Al-Fa’alu (Dia-lah Dzat yang maha mengerjakan)

Al-Khaliqu (Dia-lah Dzat yang menciptakan segalanya)

Al-Khalaqu (lihat: Al-Khaliqu)

Al-Bari’u (Dia-lah yang merencanakan segala sesuatu sebelum terjadi)

Al-Mushawwiru (Dia-lah menciptakan segala bentuk dan rupa).

Kemudian beliau sholat dan membaca Al-Qur’an sampai habis sepertiganya malam yang kedua”.



Mutiara Sejarah

Nama lengkapnya adalah Sayyid Muhyidin Abu Muhammad Abdul Qadir ibn Abi Shalih Musa Zangi Dausat al-Jailani. Syekh Abdul Qadir dilahirkan di Desa Nif atau Naif, termasuk pada distrik Jailan (disebut juga dengan Jilan, Kailan, Kilan, atau al-Jil), Kurdistan Selatan, terletak 150 kilometer sebelah timur laut Kota Baghdad, di selatan Laut Kaspia, Iran. Wilayah ini dahulunya masuk ke bagian wilayah Thabarishtan, sekarang sudah memisahkan diri, dan masuk menjadi suatu provinsi dari Republik Islam Iran.

Ia dilahirkan pada waktu fajar, Senin, 1 Ramadhan 470 H, bertepatan dengan tahun 1077 M dan wafat di Baghdad pada Sabtu, 11 Rabiuts-Tsani 561 H/1166 M.
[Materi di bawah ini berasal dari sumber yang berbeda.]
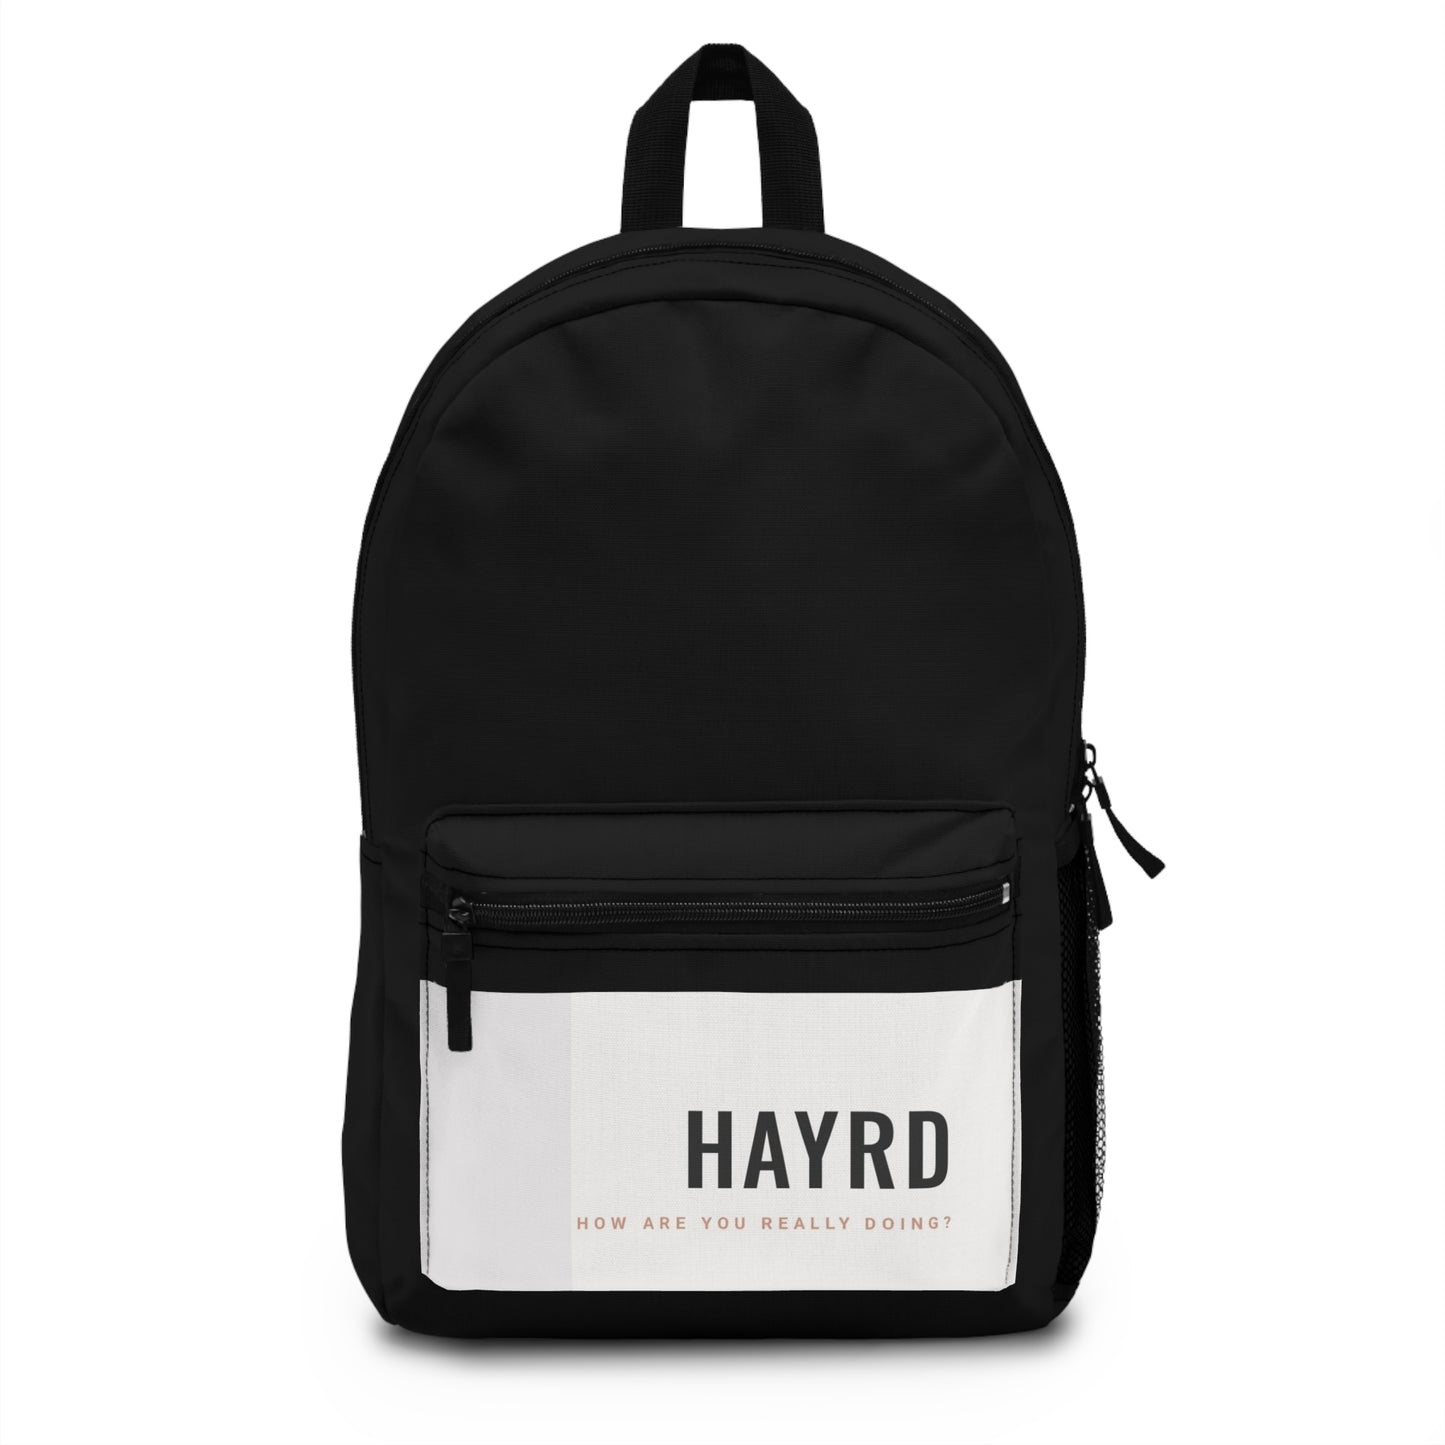 Hayrd Backpack
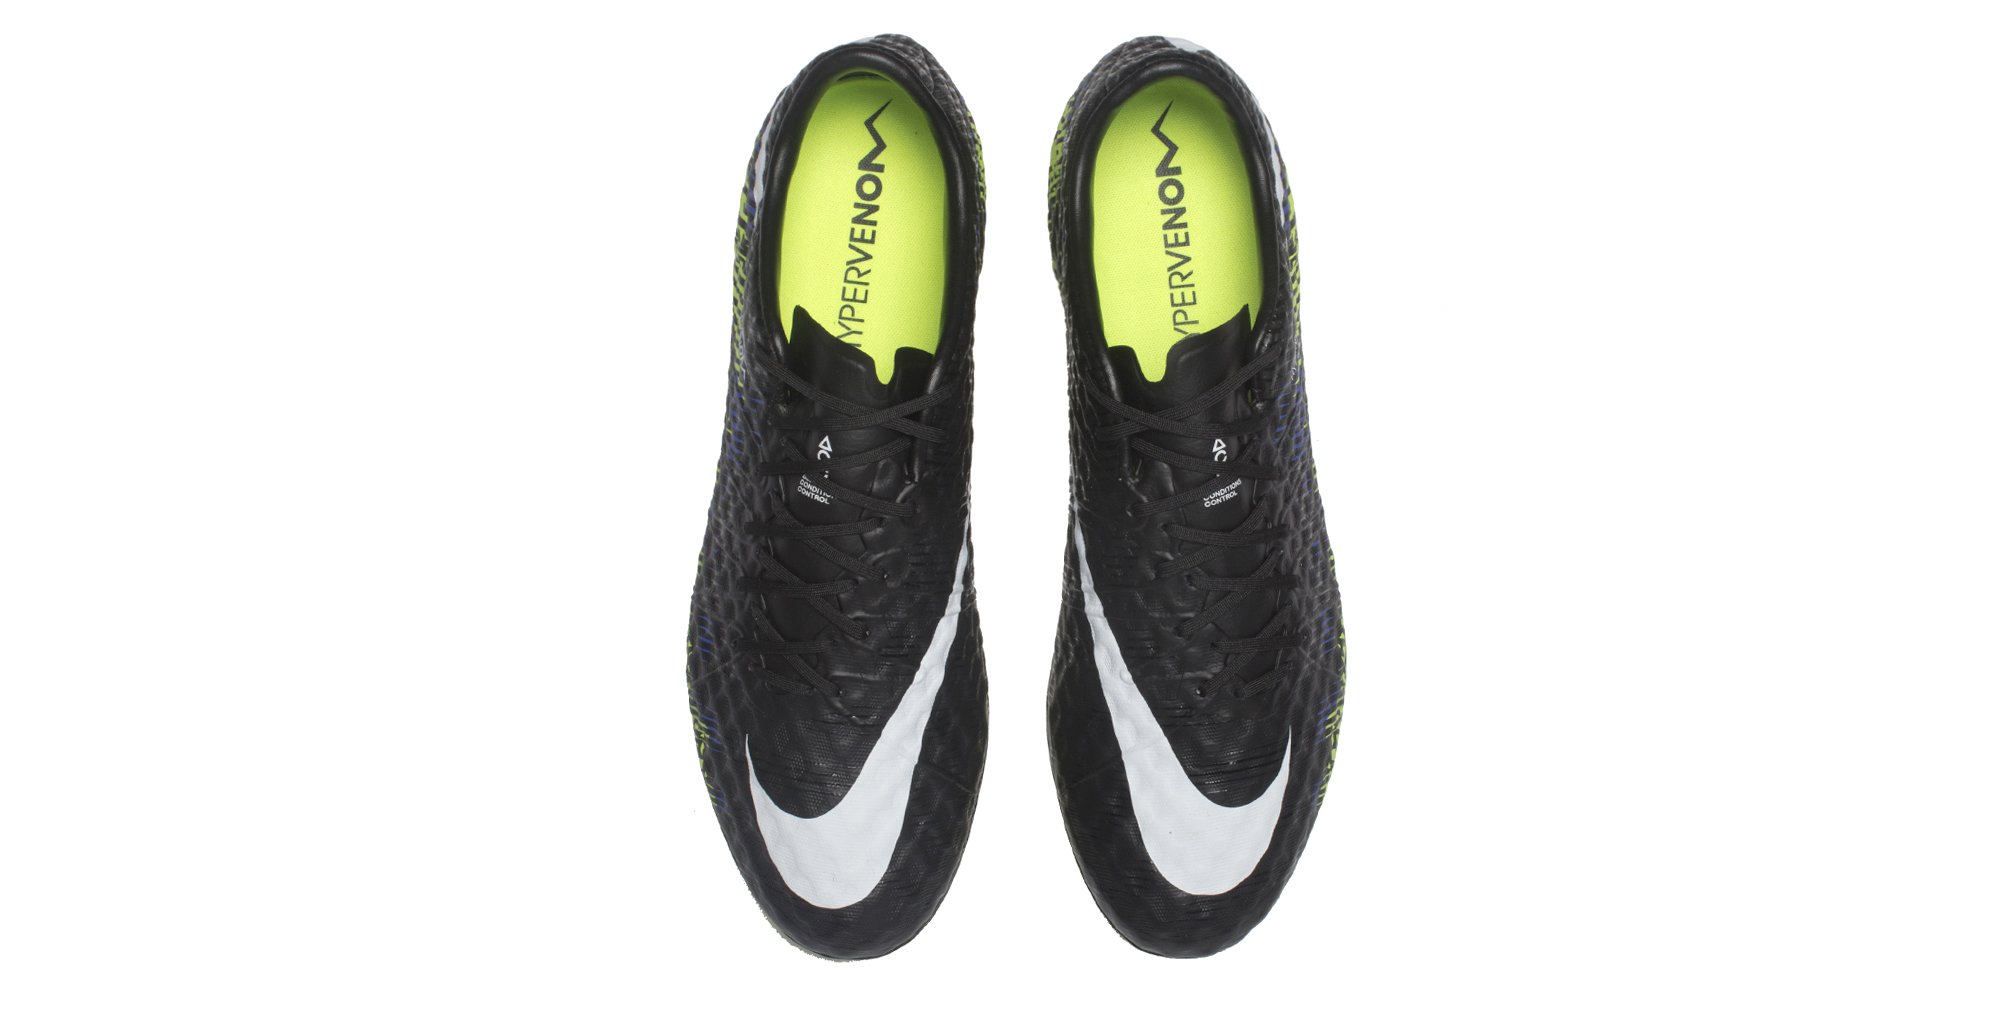 Nike Soccer Cleats Cheap Nike HypervenomX Proximo II DF

Kebanyakan biografi (dikenal sebagai manakib) tokoh sufi terpopuler ini penuh dengan fiksi, tanpa mendasarkan pada fakta-fakta sejarah. Padahal, ulama ini merupakan tokoh sejarah yang cukup besar dalam wacana pemikiran Islam, terutama sejarah tasawuf. Sehingga, para ulama banyak mengungkapkan bahwa Syekh Abdul Qadir merupakan mujtahid abad ke-14.



Syaikh Abdul Qadir al-Jilani adalah mutiara sejarah abad ke-12 M/6 H. Beliau adalah ulama yang berhasil memadukan antara syariat dan sufisme secara praktis-aplikatif. Karena itu, ia mendapat julukan quthubul auliya' serta ghautsul a'dzam, orang suci terbesar dalam Islam.

Al-Jilani membumi karena ajaran amaliahnya. Sehingga, dalam masyarakat Muslim, namanya sangat populer, dijadikan sarana wushuliyyah, serta selalu disebut dalam setiap acara-acara keagamaan, di samping manakib-nya yang juga banyak dibaca tentang riwayat hidup sang tokoh.

Sebagian besar umat Islam Indonesia pernah mendengar nama tokoh ini. Demikian pula para pengkaji tasawuf di Barat dan Timur yang sangat menaruh hormat kepadanya karena keberhasilannya membumikan tasawuf bagi masyarakat Muslim hingga saat ini.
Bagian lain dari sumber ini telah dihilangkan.